Is there always a positive $x$ that satisfies $\cos(n_1x)\leq0$, $\cos(n_2x)\leq0$, $\cos(n_3x)\leq0$ for given distinct positive integers $n_i$?
Solution 1:
For each set of positive integers $n_1,n_2,n_3,$
$$\cos(n_1x),\cos(n_2x),\cos(n_3 x)\leq0$$ has a real solution.

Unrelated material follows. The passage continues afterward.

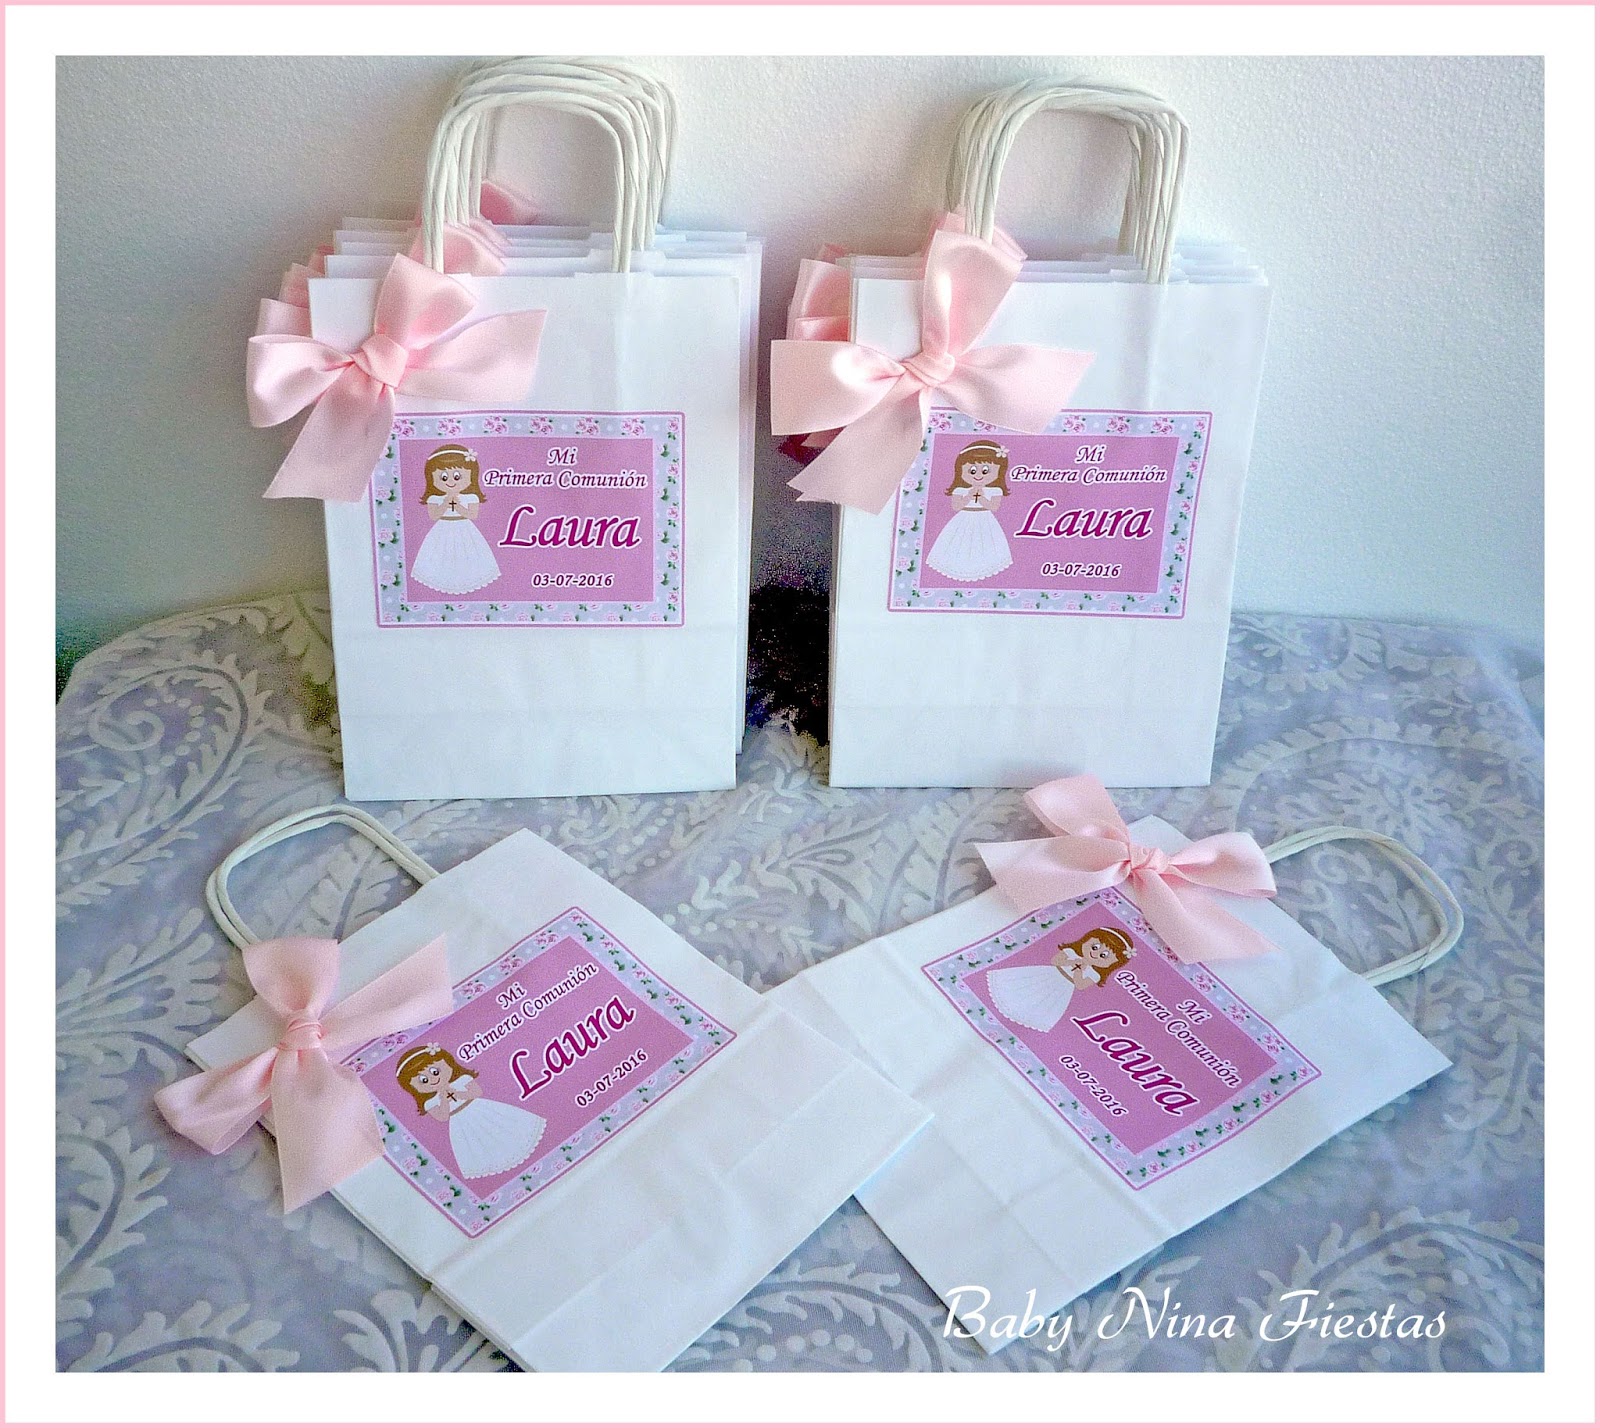 Baby Nina Fiestas: Bolsas personalizadas para las comuniones de Laura y  Claudia

Observation: if the statement specifies greater than three positive integers instead, then it is false: a counterexample is $n_4=4.$
Proof (but missing Case 2)
It suffices to show that for ascendingly-ordered positive integers $a,b,c,$ $$\cos\left(\frac\pi2ax\right),\cos\left(\frac\pi2bx\right),\cos\left(\frac\pi2cx\right)\leq0$$ has a real solution.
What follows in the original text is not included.